A Human Rights Watch (HRW) acusou , ontem, os governos britânico e norteamericano de terem cometido crimes contra a humanidade nas décadas de 1960-70, quando expulsaram os habitantes de um arquipélago para ali construir uma base militar Trata-se do arquipélago de Chagos, no Oceano Índico, situado a Nordeste das Ilhas Maurícias e sob administração britânica, em cuja ilha principal, Diego Garcia, foi instalada uma base militar dos Estados Unidos.
Para a sua construção, os cerca de 2.000 habitantes de Chagos foram expulsos para as ilhas Maurícias e Seychelles.
“Ambos os governos deveriam providenciar reparações totais ao povo de Chagos, incluindo o seu direito de regressar e viver na sua terra natal”, disse a organização de direitos humanos com sede em Nova Iorque, num relatório citado pelas agências francesa AFP e espanhola EFE.
O relatório, de mais de 100 páginas, resultou de uma investigação da HRW sobre a expulsão dos habitantes de Chagos para a construção da base de Diego Garcia.
Com base em dezenas de testemunhos e documentos oficiais, a HRW considerou que a “perseguição racial” de Londres com o apoio de Washington constitui um “crime colonial”.
“O Reino Unido está agora a cometer um terrível crime colonial, tratando o povo de Chagos como pessoas sem direitos”, disse Clive Baldwin, o autor do relatório da HRW.

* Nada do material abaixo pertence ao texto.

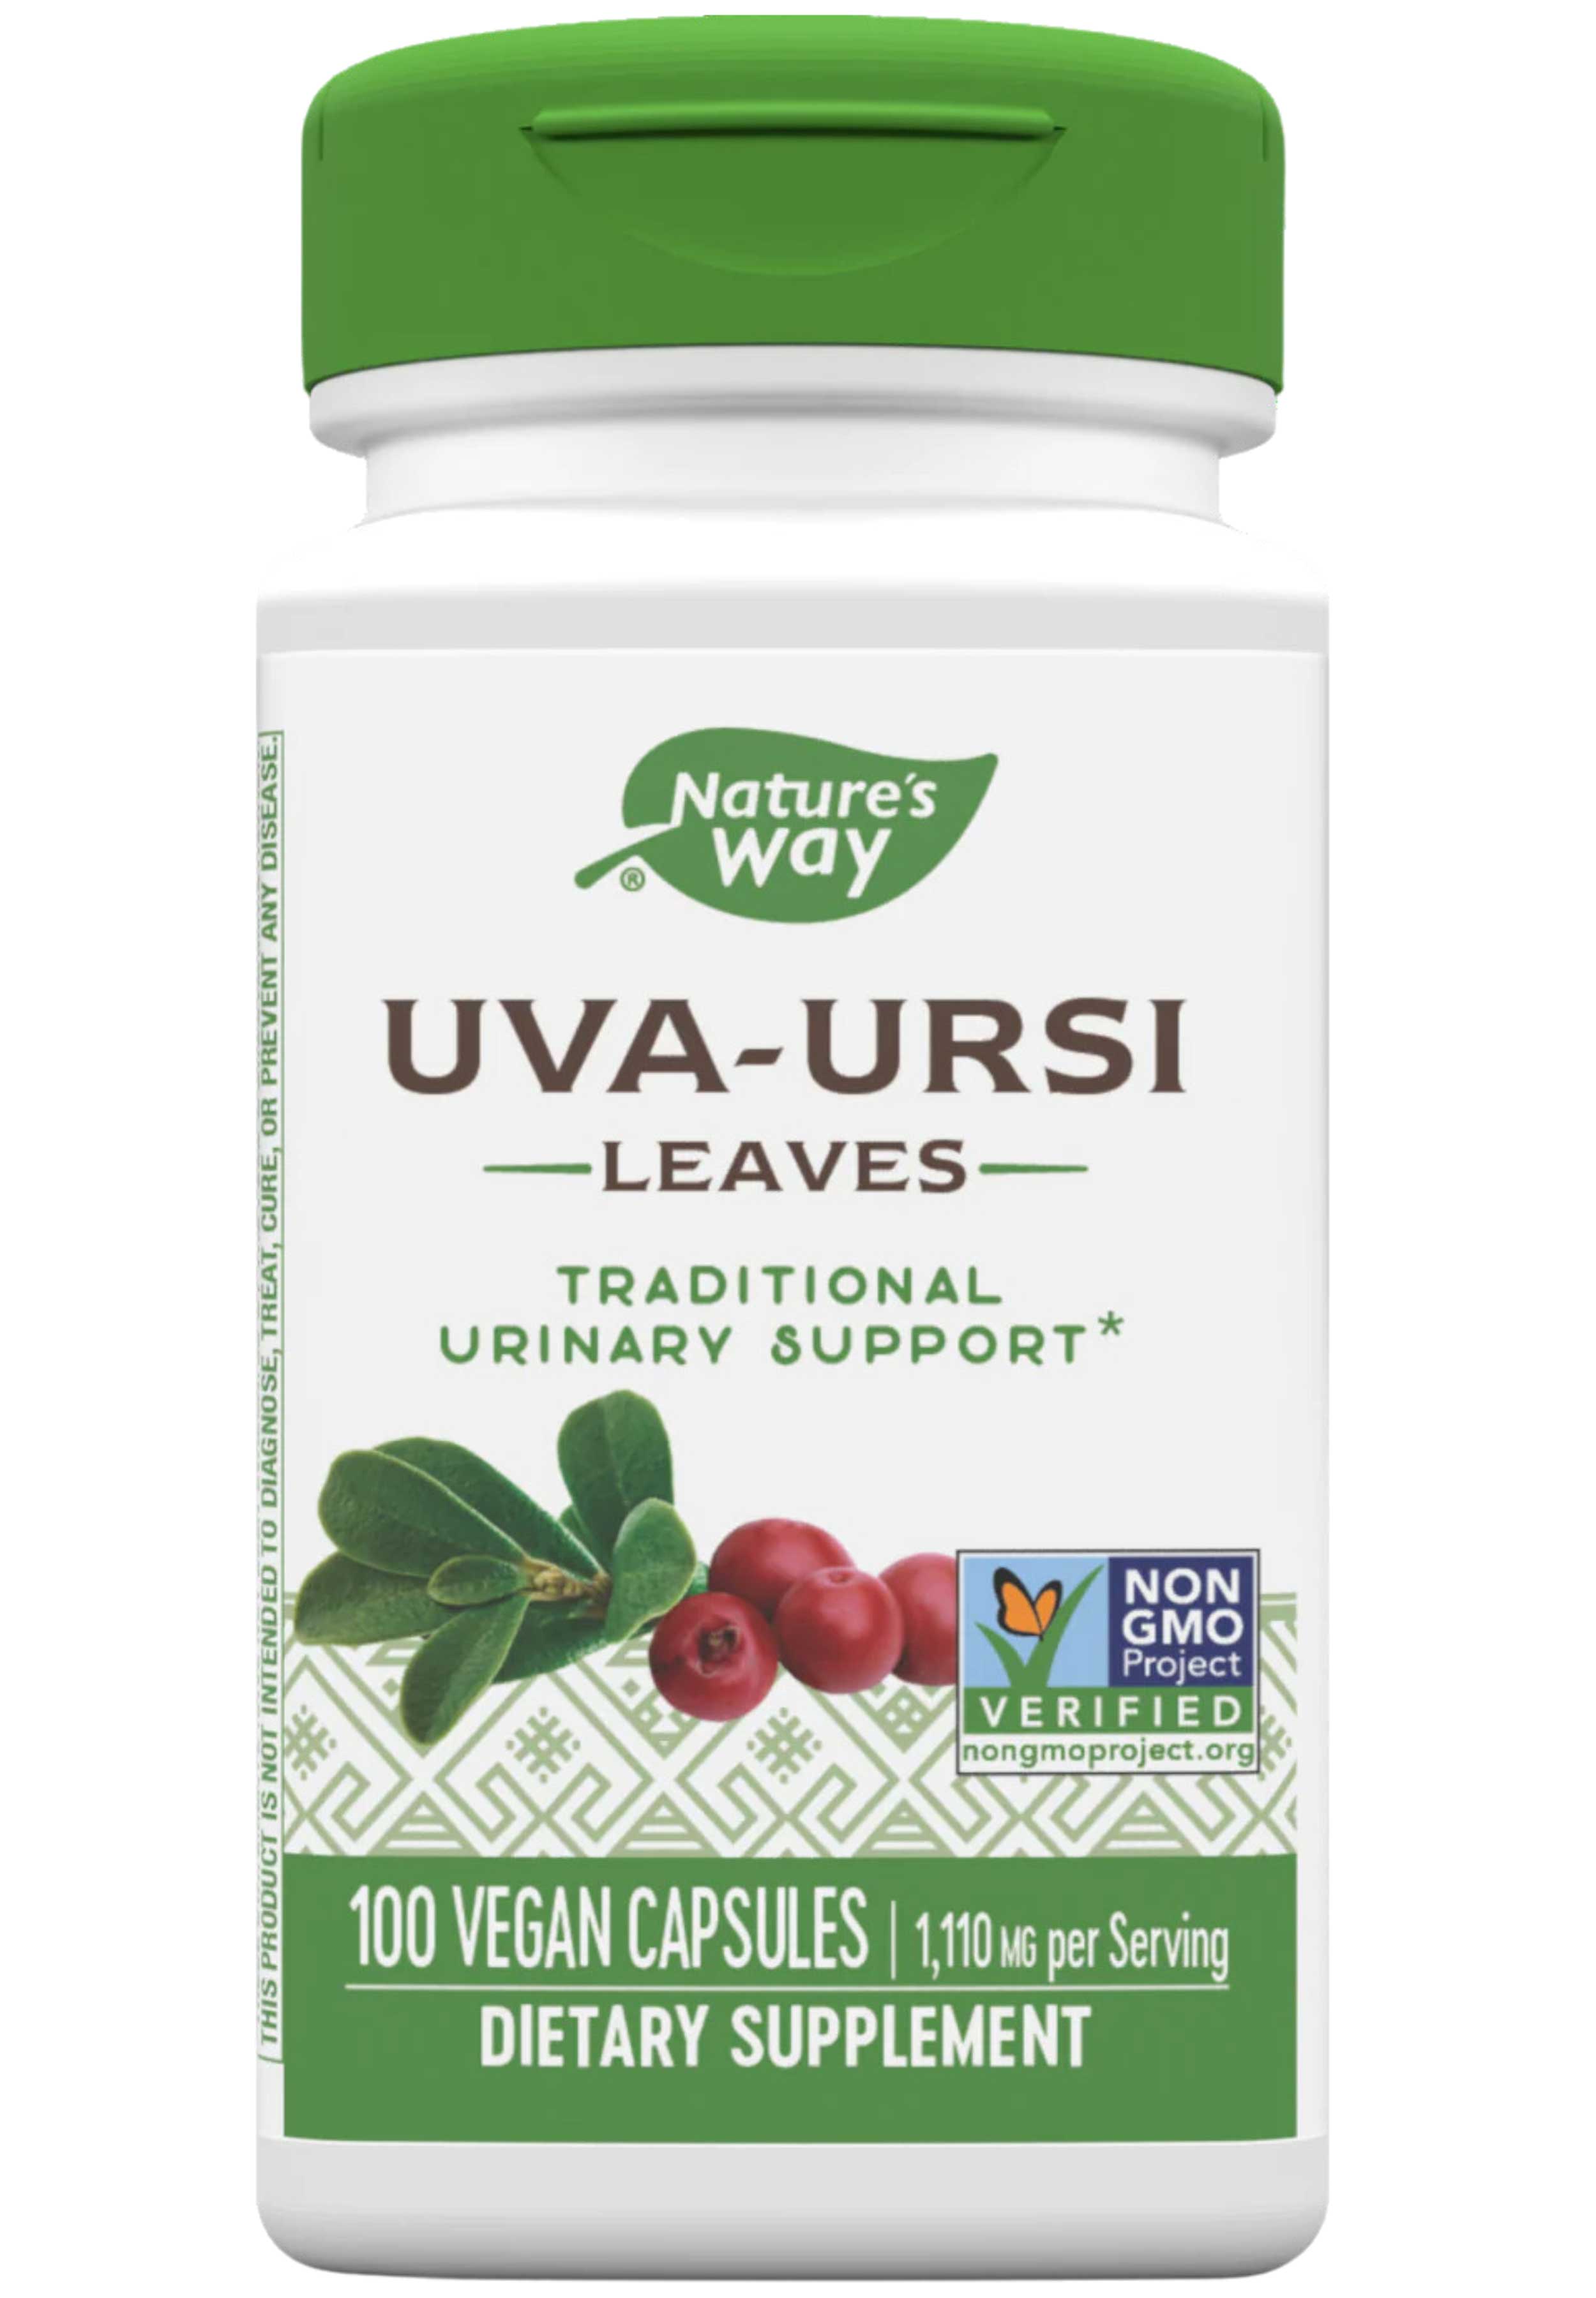 Nature's Way Uva Ursi Leaves

Um porta-voz do Ministério dos Negócios Estrangeiros britânico, contactado pela AFP, rejeitou a “caracterização dos acontecimentos” apresentada pela HRW.
O mesmo porta-voz acrescentou que Londres já tinha manifestado “profundo pesar” pela forma como os habitantes de Chagos foram deslocados. Contactadas pela AFP, as autoridades norte-americanas não responderam às acusações da HRW.
No relatório, a HRW identifica três crimes contra a humanidade: um crime colonial contínuo de deslocação forçada, a prevenção do regresso do povo de Chagos às suas casas e a sua perseguição racial e étnica por parte do Reino Unido.
De acordo com a HRW, Londres e Washington deveriam proporcionar reparações totais ao povo de Chagos, constituído principalmente por descendentes de escravos levados à força para o arquipélago sob domínio francês e depois britânico durante os séculos XVIII e XIX.
Uma resolução da Assembleia-Geral da ONU de Maio de 2019 apelava ao “reconhecimento do arquipélago de Chagos como parte integrante do território das Maurícias”.
Esta resolução seguiu-se a uma decisão do Tribunal Internacional de Justiça (TIJ), de Fevereiro de 2019, segundo a qual o Reino Unido deveria terminar o seu controlo de Chagos “o mais rapidamente possível”, noticiou na altura a TV britânica BBC.
O TIJ considerou que o arquipélago não estava legalmente separado da antiga colónia britânica das Maurícias, de que foi parte entre 1814 e 1965, quando foi incluído no recém-criado Território Britânico do Oceano Índico (BIOT, na sigla em inglês).
As Maurícias afirmam ter sido forçadas a abandonar Chagos em troca da independência, obtida em 1968.
Na altura, o Ministério dos Negócios Estrangeiros britânico qualificou a decisão do TIJ como “um parecer consultivo” sem carácter vinculativo.
“As instalações de defesa no BIOT ajudam a proteger as pessoas na Grã-Bretanha e em todo o mundo contra ameaças terroristas, crime organizado e pirataria”, acrescentou então, de acordo com a BBC.
Em Janeiro deste ano, o Reino Unido e as Maurícias iniciaram discussões sobre a soberania de Chagos e, segundo o ministro dos Negócios Estrangeiros britânico, James Cleverly, concordaram que a base militar deveria continuar a funcionar.
Em 2016, o Reino Unido prorrogou até 2036 um contrato com os Estados Unidos sobre a utilização da base de Diego Garcia, que desempenhou um papel estratégico durante a Guerra Fria e depois nos conflitos no Iraque e no Afeganistão.